Long-term observations of snow in Vermont come from various sources, including a network of volunteer observers and notably a measurement station near the summit of Mt. Mansfield.
“The Mount Mansfield snow stake is a critical source of high-altitude snow information, but it records only snow depth. We have no idea how much water that corresponds to and what that means for water runoff or how sensitive the snow is to the sun,” Bomblies said. “Compare that to places in the western United States where they have snow-measuring stations monitoring the full range of winter weather dynamics, including the important snow-water equivalent.”
Bomblies and his team installed sensors to measure wind speed, humidity, temperature, snow density, and water equivalent.
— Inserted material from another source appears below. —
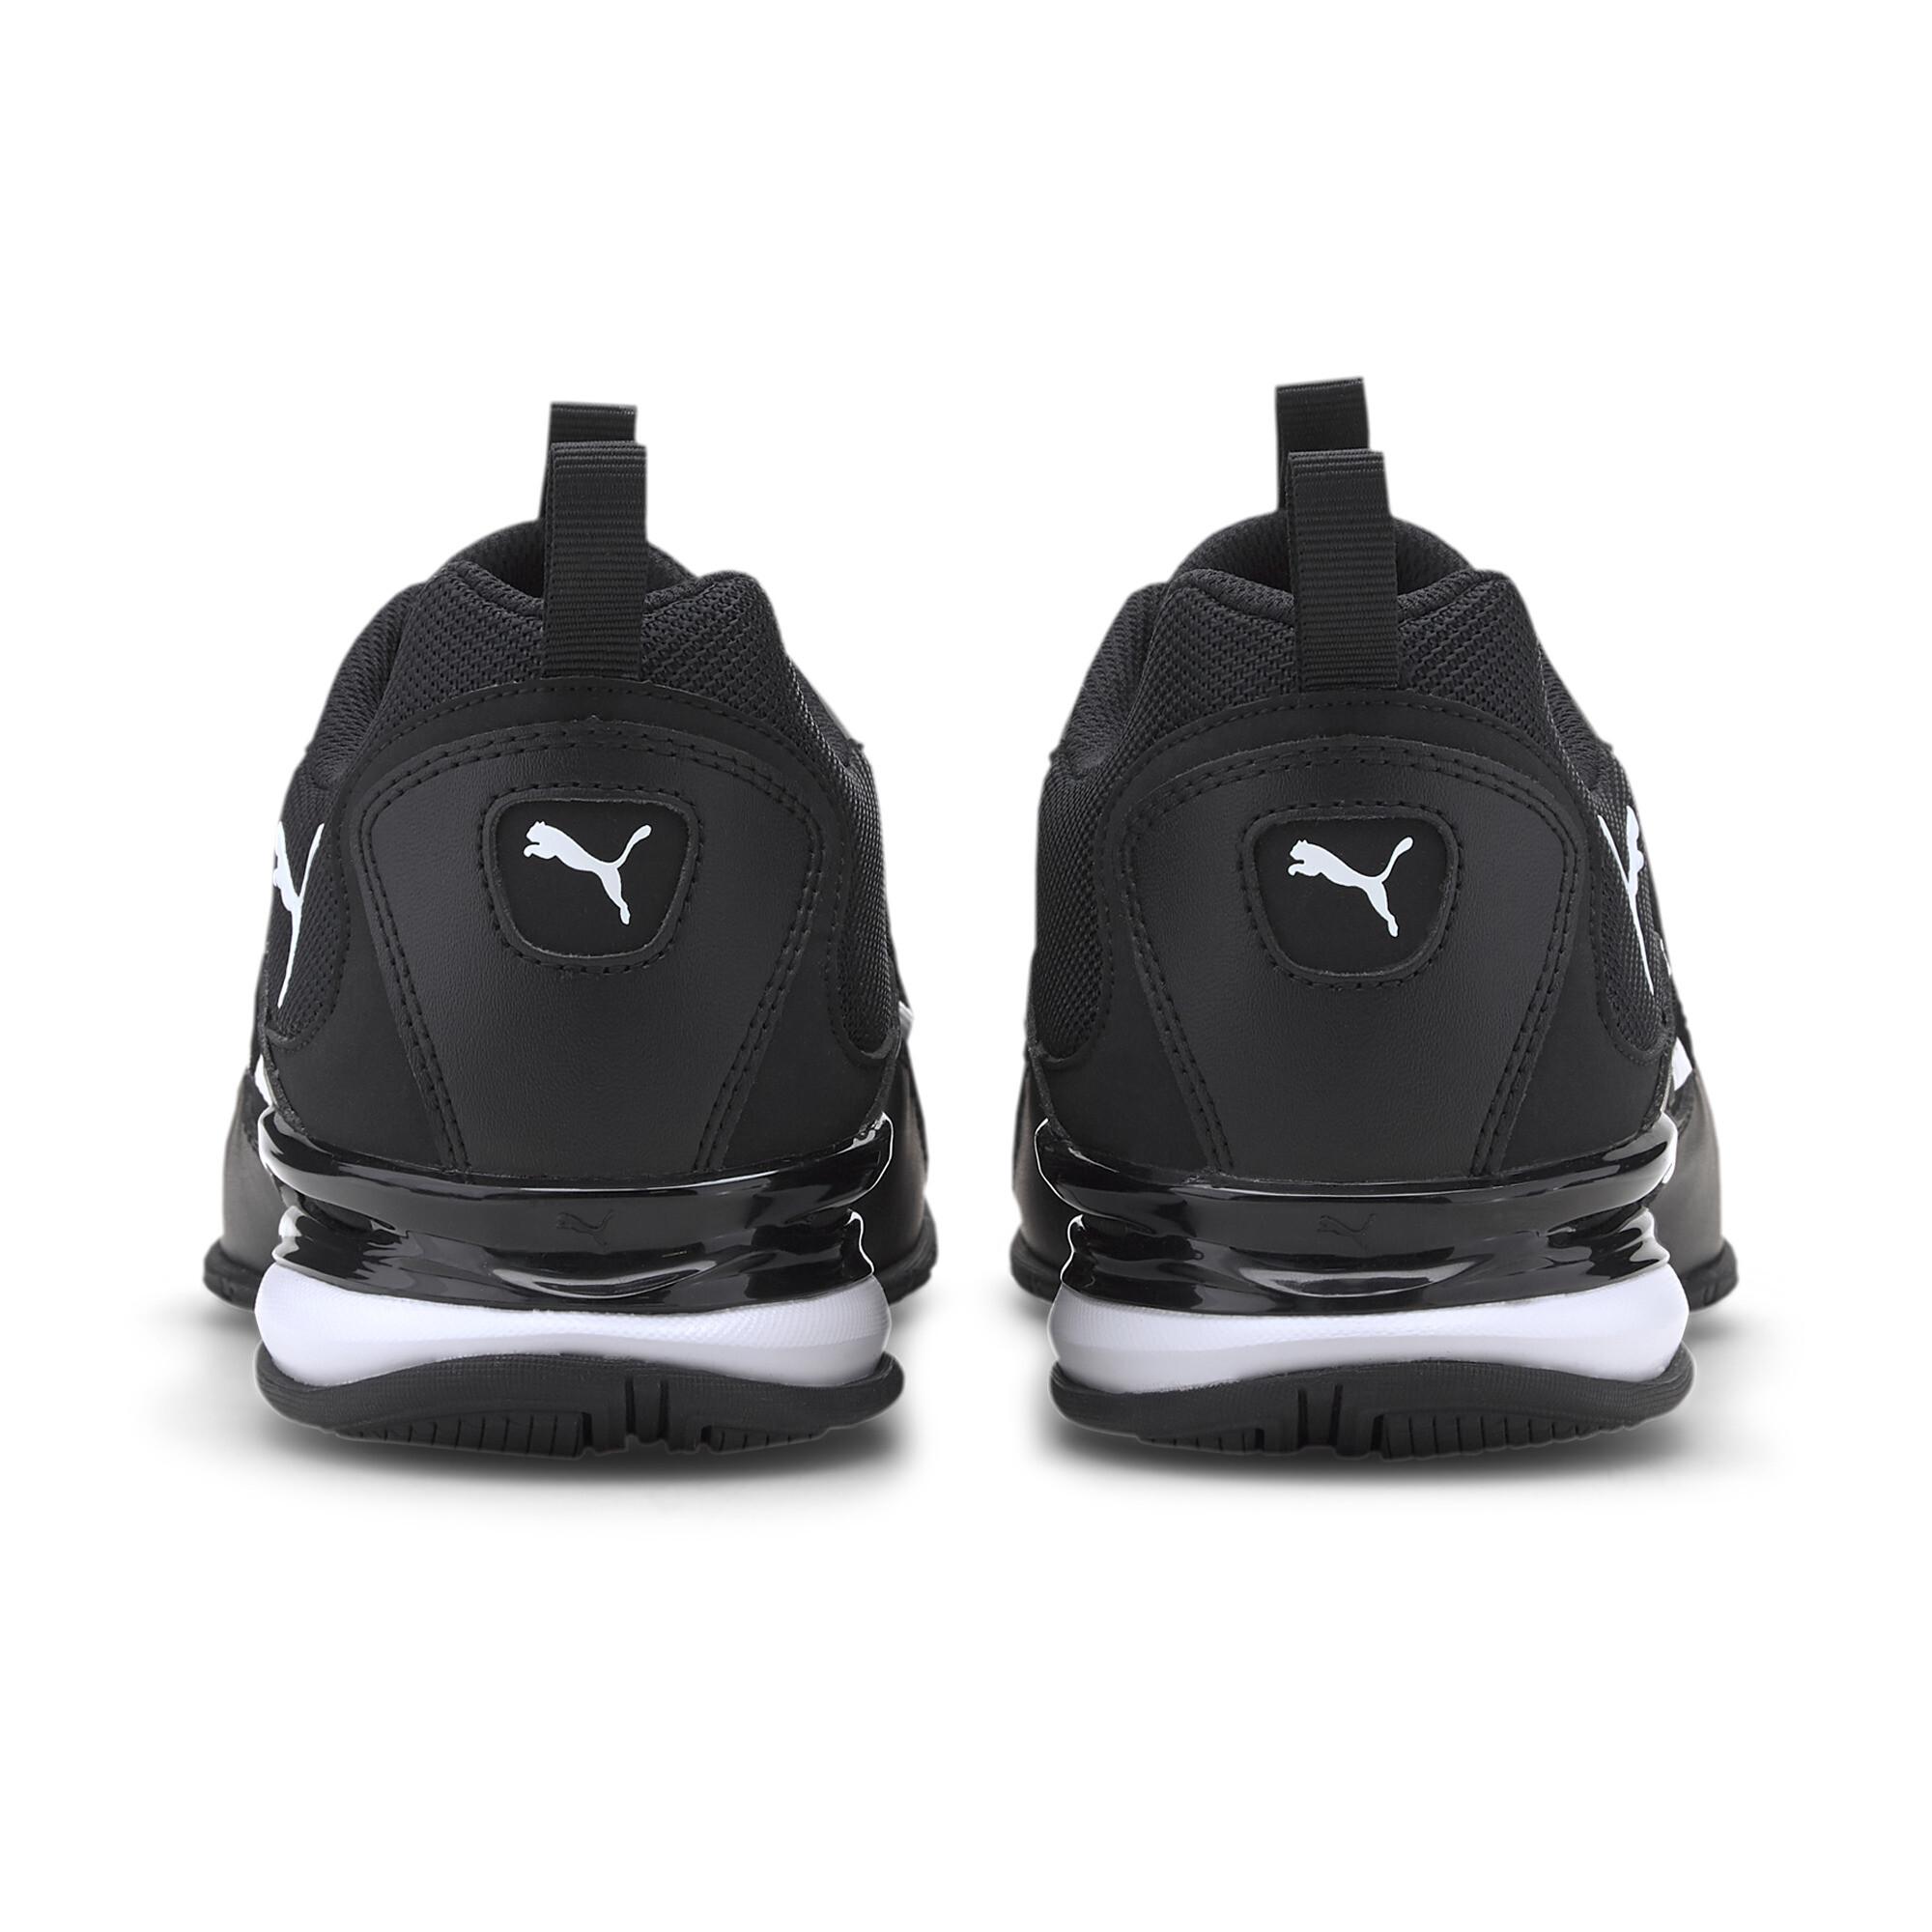 PUMA-Silverion-Men-s-Running-Shoes-Men-Shoe-Running thumbnail 8

“We’ll be able to directly sense all of the components that make up snow and see how that changes as rain starts to fall or how a particularly sunny stretch affects the snow,” Bomblies said.
The implications of this project are deeply important, not just for snow monitoring but also for snow tourism in Vermont and climate change.
“There’s a growing concern in the Northeast that the warming climate is going to make winter recreation much less available,” Bomblies said. “Vail Resorts has invested money into snowmaking equipment, but sustaining artificial snowmaking in a warming climate will be challenging.”
While overall warming is a worry for snow research, increased weather variability during a winter season has become more drastic and a larger cause for concern.
“It used to be that once it got cold, it stayed cold, with maybe one or two ‘January thaw’ events, commonplace surges in temperature often accompanied with rain,” Bomblies said. “Those have become much more frequent, and it’s one of the features of the changing climate.”
According to the Gund Institute for Environment’s recent Vermont Climate Assessment, the state’s traditional winter season will be shortened by as much as a month in some parts of the state in the future.
“It's certainly a concern around here, what climate change will look like in Vermont, where winter is such an integral component of our identity and livelihood,” Bomblies said. “With data collection starting now, we can improve modeling and follow research projects and help significantly here at UVM.”